訪ねたこの日は、施設内でも最も見晴らしがよい絶好の場所に建つという「レストランからり」で昼食を頂くことに。実はこのレストラン、2015年に日本経済新聞NIKKEIプラス1「何でもランキングおすすめの観光列車」で1位になった、JR四国の観光列車「伊予灘ものがたり」内のお弁当も担当。そのお弁当の味と見た目の美しさが評価されたことで、近年さらに人気を集めているレストランです。
メニューは、「内子豚の味噌焼き」といった和風メニューから、オムライスやハンバーグなどの洋風メニューまで様々。今回は「内子豚ハム・ソーセージ」のセットをチョイス。付け合せのパンはもちろん、からりパン工房で焼いたものです。
しかし、このレストランの人気の秘密は、メインメニューだけではありません。料理を頼んだ人は、最低でも15種類の前菜、サラダが、バイキング形式でなんと食べ放題! この日も、内子町産の素材をふんだんに使った様々な種類の惣菜を味わえるとあって、お子さんから年配の方まで幅広い世代の方々が利用していました。
「“内子町を守るために”という思いが一貫してあるんです」。
そう語るのは、事業・特産部課長の山田重美さん(写真左)。様々な事業を行う「からり」ですが、内子町の産業を守るため、加工品でも内子町産の素材にとにかくこだわり、仕入れは一切せず、製造、販売まで一貫して行っています。「安売りではなく、ブランド化を目指した運営」を心がけているのだといいます。

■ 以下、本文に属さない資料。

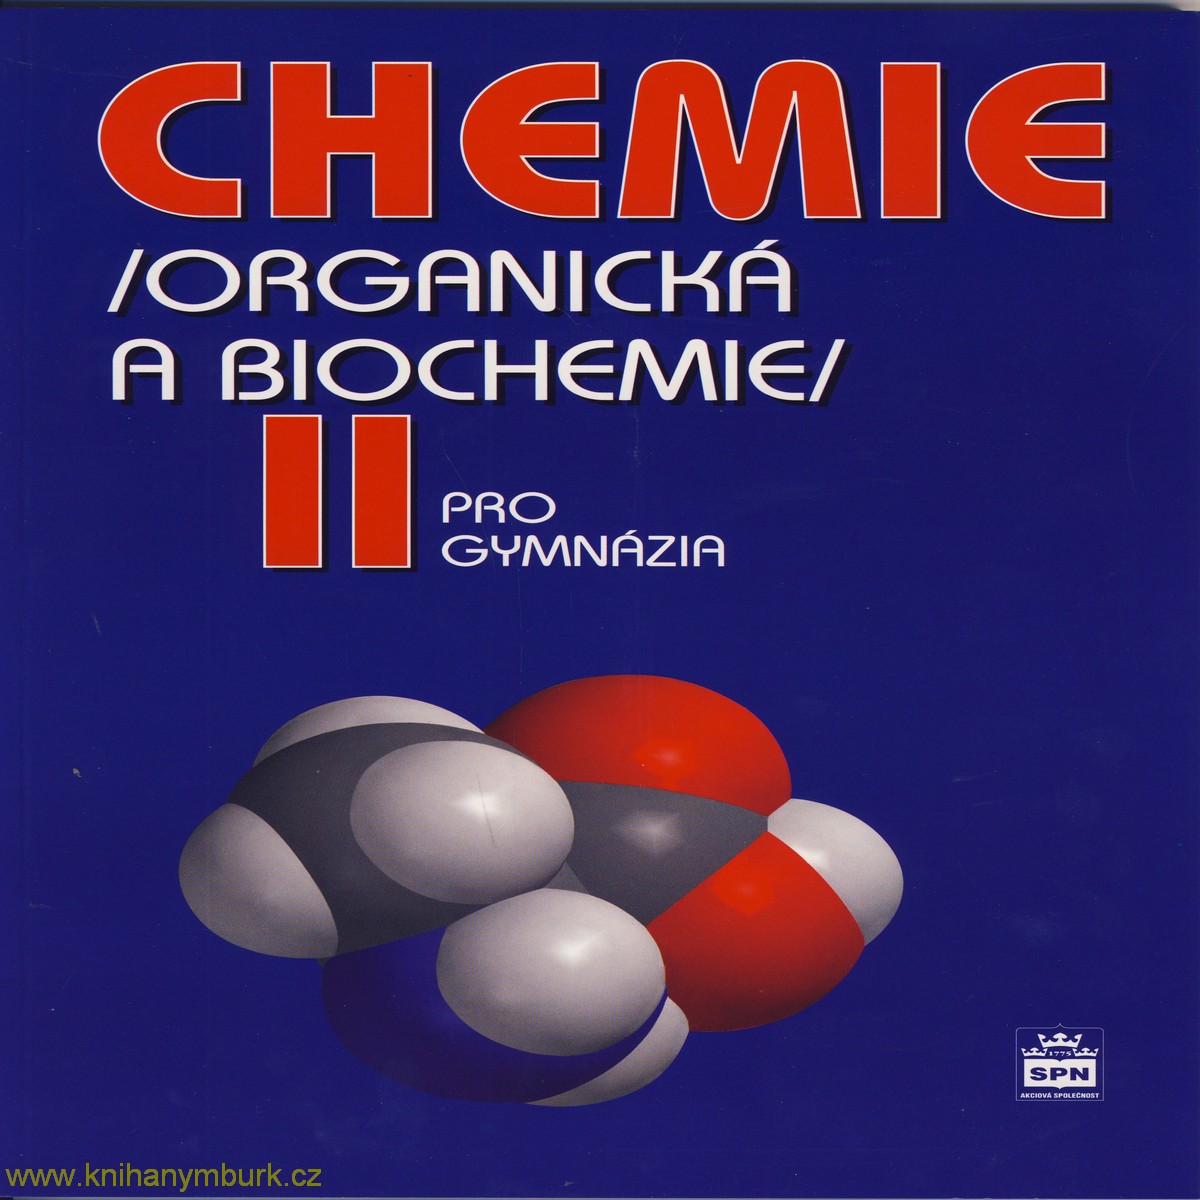 Chemie 2 organická a biochmie

「からり」という店名に込められた意味を聞くと、「果楽里」果物を楽しむ里、「花楽里」花を楽しむ里、「香楽里」香りを楽しむ里、「加楽里」加工することを楽しむ里、そして「カラリ」と晴れ晴れした気分、「カラリ」としたすがすがしい時間、「カラリ」とした爽やかな人間関係、出会いを楽しむ場所という、様々な意味を含んでいるのだと教えてくれました。
こうした運営方針は、農産物直売所でのトレーサビリティにも反映されています。
「安心安全」をうたう直売所では、平成17年からITを利用したトレーサビリティの仕組みをいち早く導入。栽培履歴の管理はもちろんのこと、直売所に備え付けた機械に農産物に貼付されているバーコードをかざすと、その栽培履歴や生産者の情報を見ることができます。
「からり」をぶらぶらと歩いていると、ただ買い物をする人だけでなく、様々な人が集まっていることが分かります。
川沿いに設けられたベンチでパンをかじる人、購入したお惣菜を囲みながら軽いお昼を食べるご夫婦、脇に設けられた階段から小田川の川岸へ下り、川遊びに興じる親子連れ、犬の散歩に来たお年寄り―、思い思いにゆっくりとこの空間全体を楽しむことができるのも、「からり」に人が集まる大きな理由のひとつなのでしょう。
平成6年、「内の子市場」という農産物直売所から始まり、平成8年に現在の基礎である直売所と情報センターが開設、平成9年に株式会社内子フレッシュパークからりを創立し、様々な事業を進めながら、現在に至る同店。開店から20年余り、小さな苗木だった木々は、今では立派な森となり、穏やかな木漏れ日を地面に落としています。ベンチに座り、ゆらゆらと揺れる緑の葉を眺めていると、とても穏やかな気持ちになります。この空間で、日々の疲れを癒す人は思った以上に多いのかもしれません。